A reality that seldom comes through is that China has become such a well-developed country— industrially, commercially and financially—that the Gross Domestic Product (GDP) of up to 100 or more regions, towns and cities are higher than or at least equal to the GDP of entire Western countries and the more prosperous and first world Asian countries and cities (like Singapore and cities in Japan).
This is important in viewing China as a place to invest in. Many wrongly see only the reality that because more than half of China’s 1.36-odd billion people are poor and not enjoying the wealth of the very rich coastal regions like Shanghai, Guangzhou, Xiamen (Amoy) and Hong Kong, the People’s Republic is really still an underdeveloped country.
Well, that is exactly what the Chinese government says when it wants to impress the government officials and people of poor countries the PRC has massive investments in. That’s because they don’t want these poor and weak countries to think of China as a dangerous superpower and super-rich country to have as partner.
The fact, however, is that very many provinces, cities and town of China are as prosperous, as dynamic economically and industrially, as Germany, Singapore and Milan (just for examples) and are richer than countries like France, not to mention Greece and the Philippines.
Another reality that is seldom talked about is that China has developed so much that it is critically short of oil, energy and labor. This is such a reality that some Chinese industrial giants are moving out of China and setting up operations in countries with more and cheaper labor and energy resources.
The labor shortage is because of China’s successful implementation of the one-child policy and its draconian enforcement of contraception and abortion. It is cursed with the “empty cradle” syndrome and an aging population almost as much as Western Europe is.
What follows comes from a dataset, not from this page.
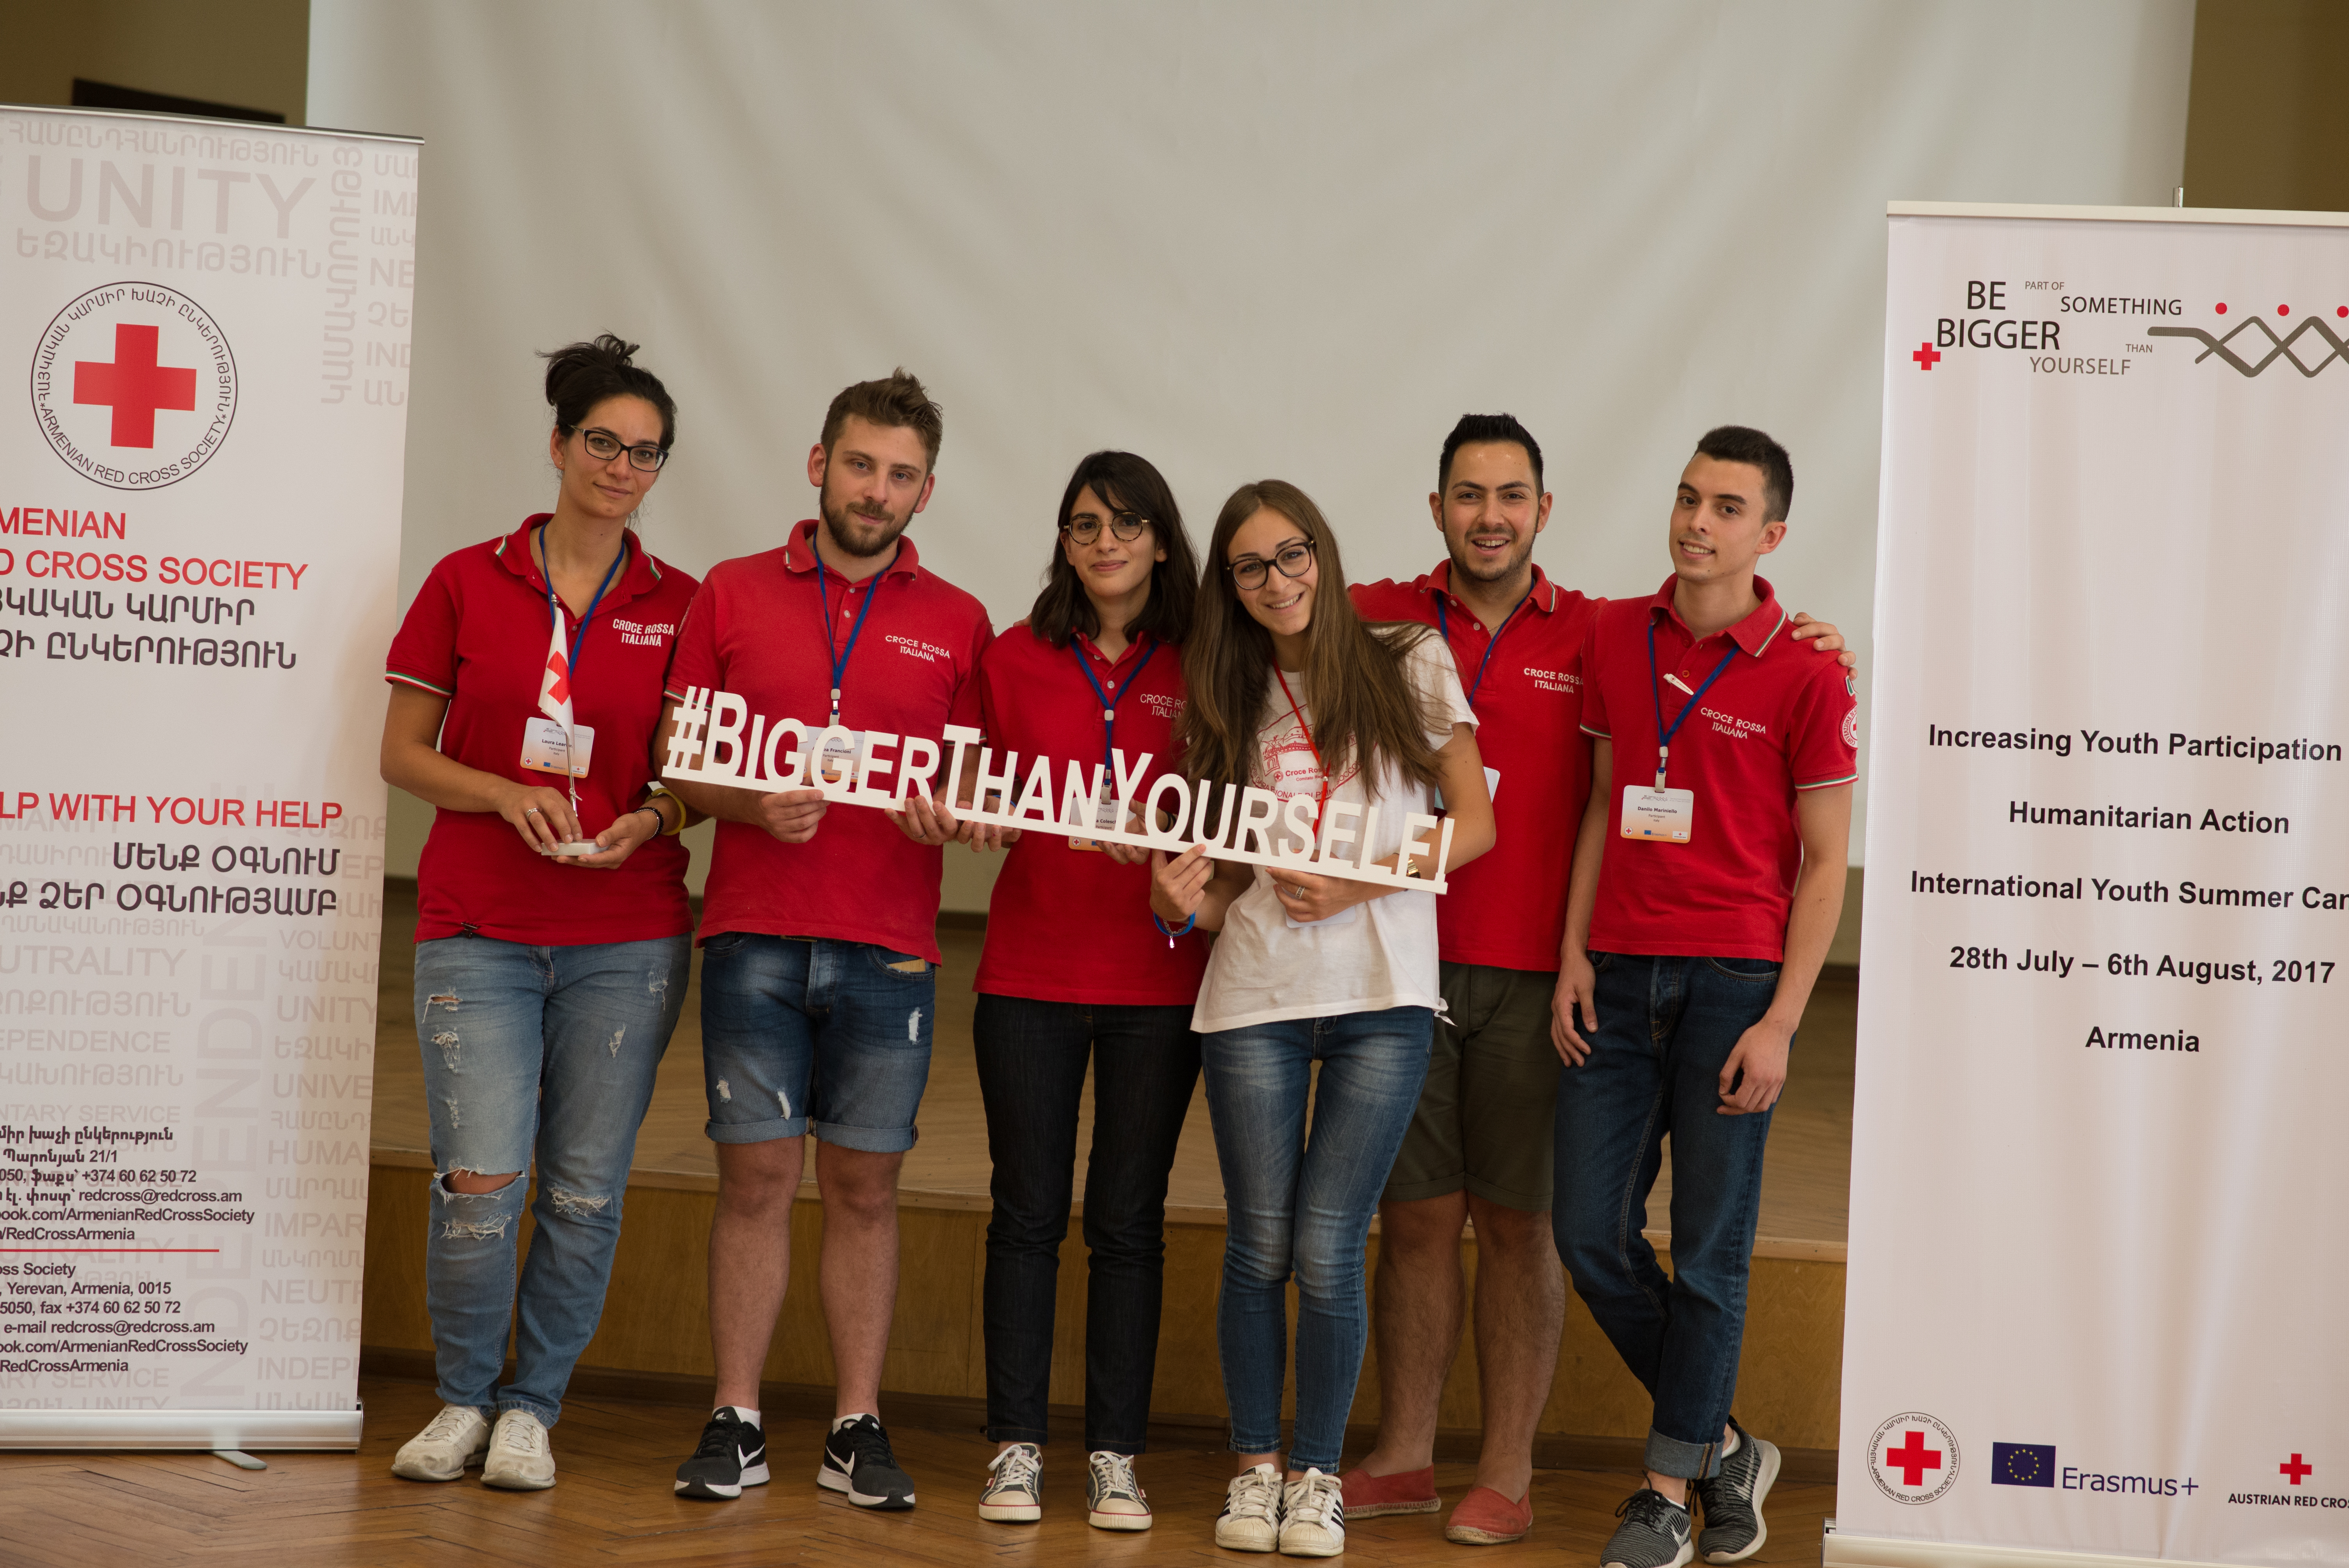 Delegazione italiana per “Be part of something bigger than yourself - Increasing Youth Participation in Humanitarian Action” in Armenia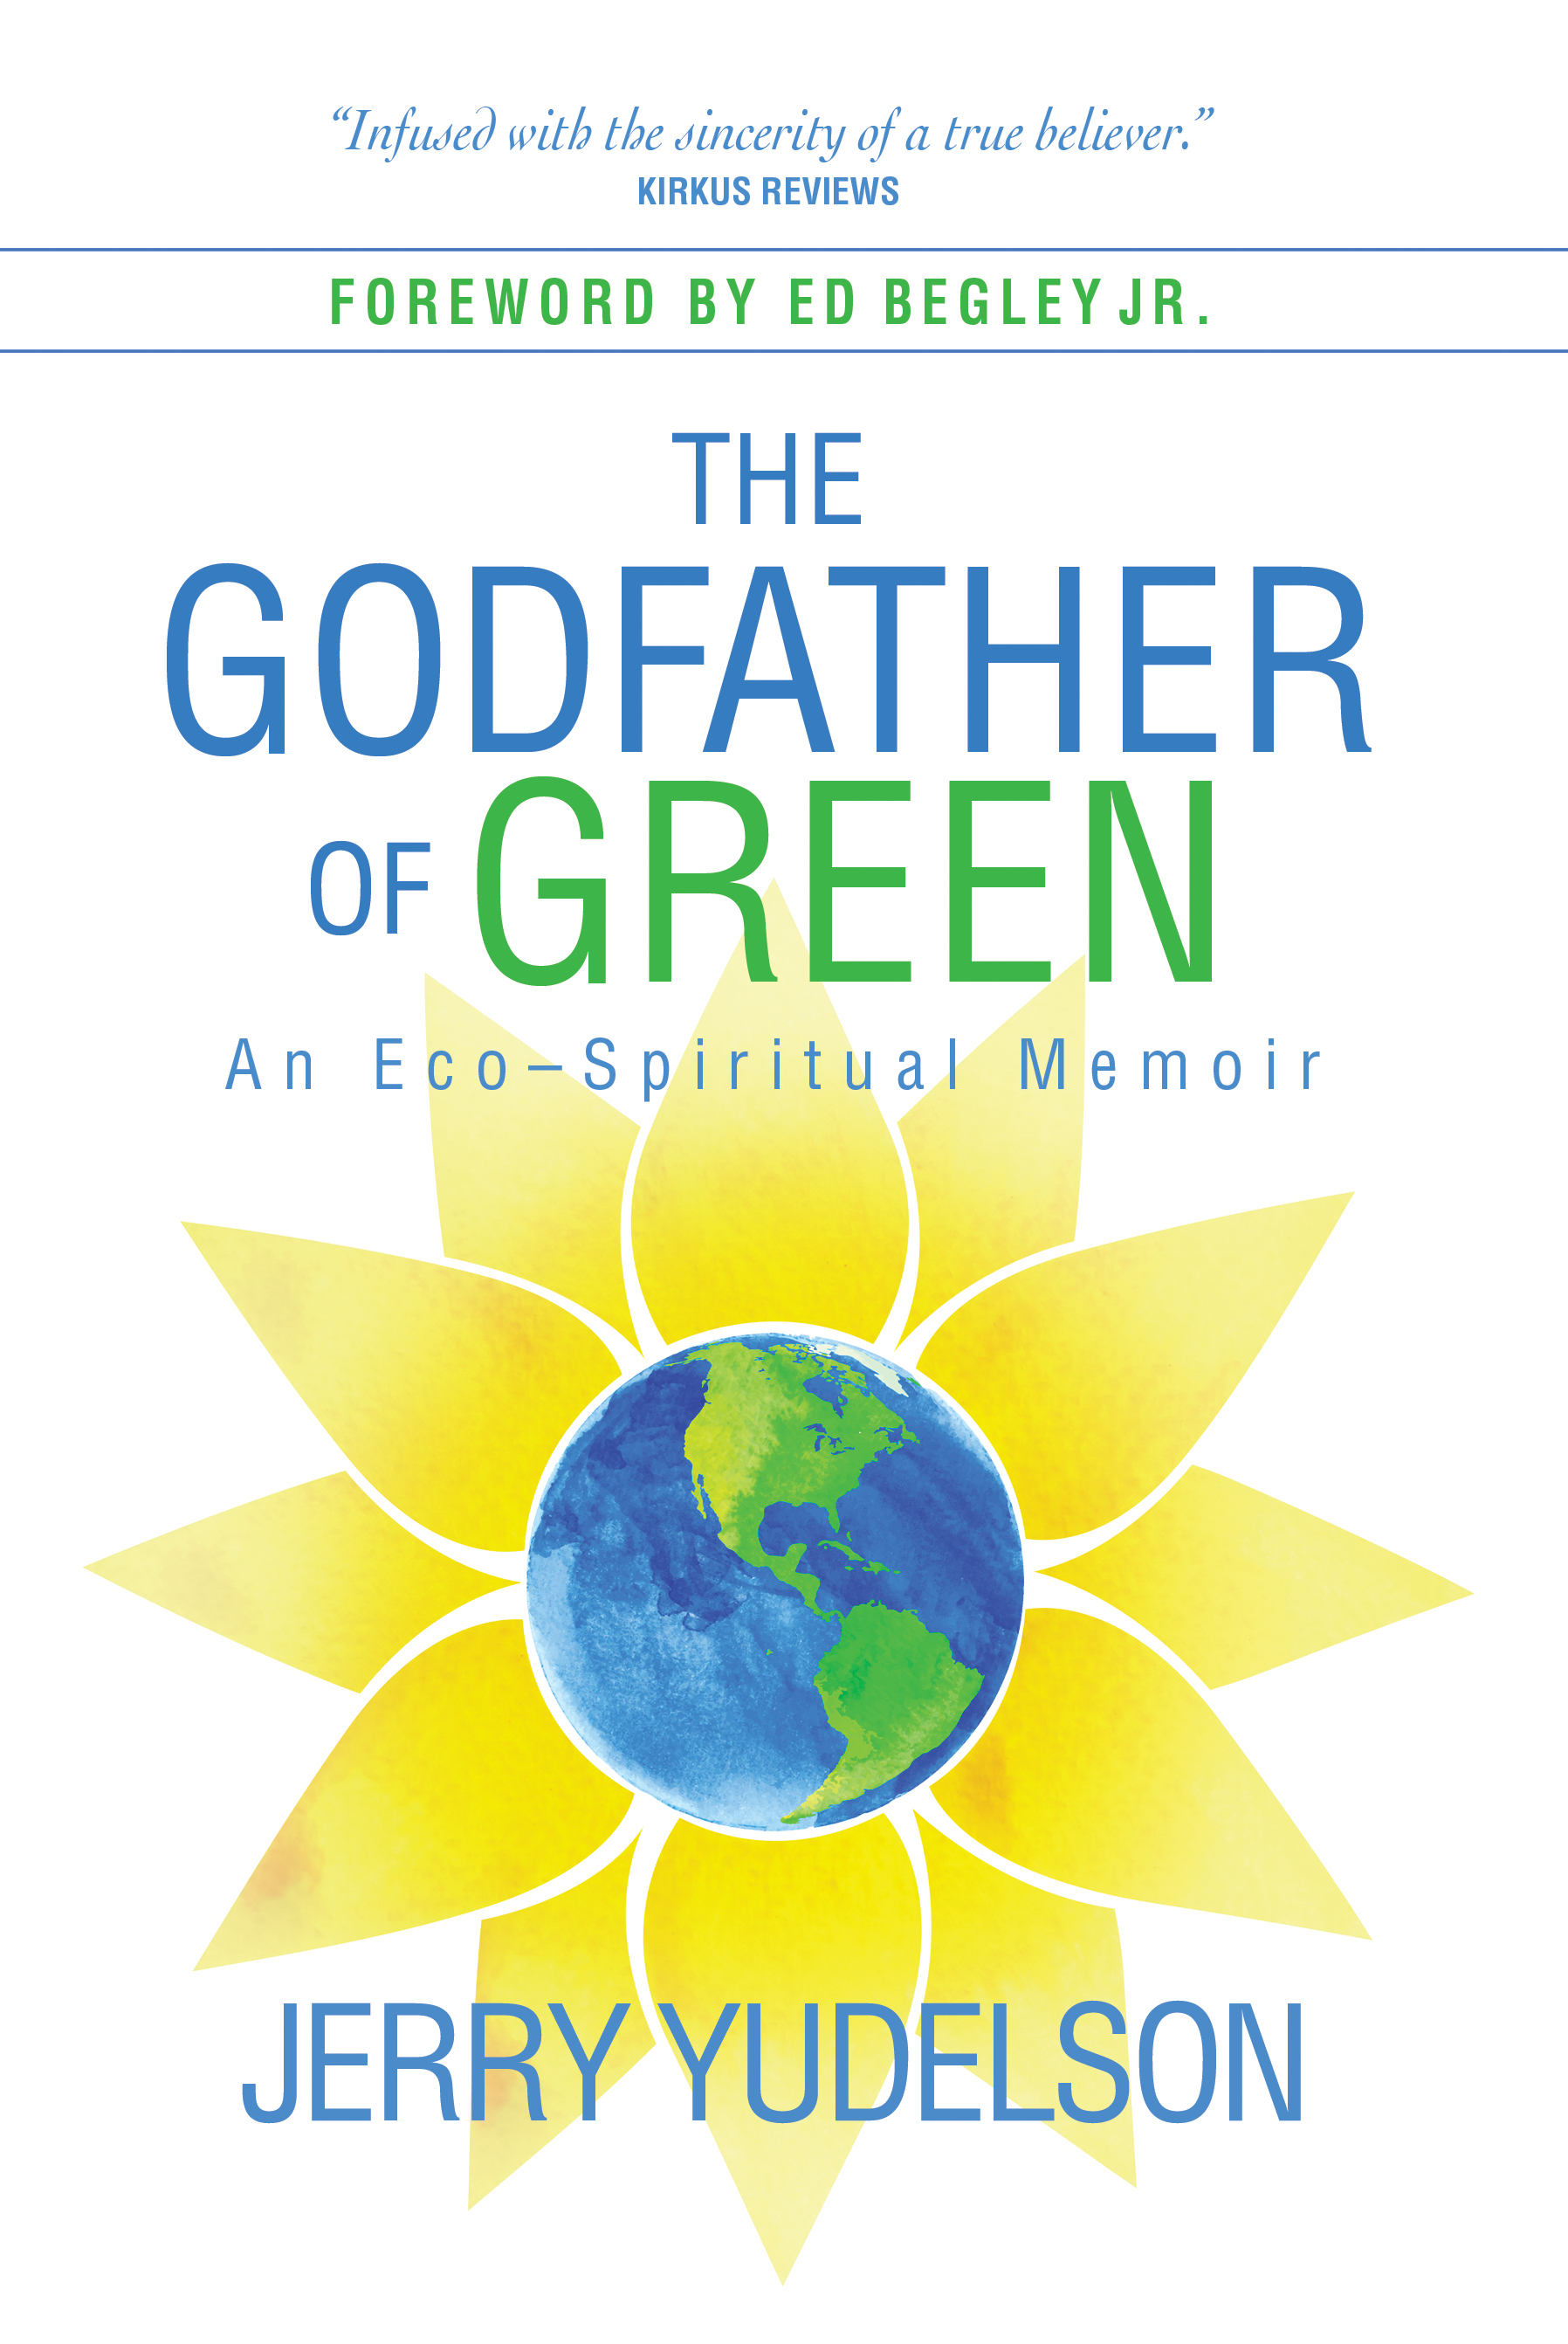 "Godfather of Green" by Jerry Yudelson

Can you imagine how many hundred thousands more Filipinos could be hired in China, if our and the Chinese government did not have this crazy current state of conflict?
The happy fact, however, is that on the people-to-people and business-to-business level, Philippine-Chinese relations are still very warm and productive.
But in things that the Chinese government has the power to dampen or restrain, it does act against the Philippines. One example of this is tourism. The PRC government has issued a strong advisory to Chinese travel agencies and tourists to avoid the Philippines. And sure enough tourists from China have markedly decreased.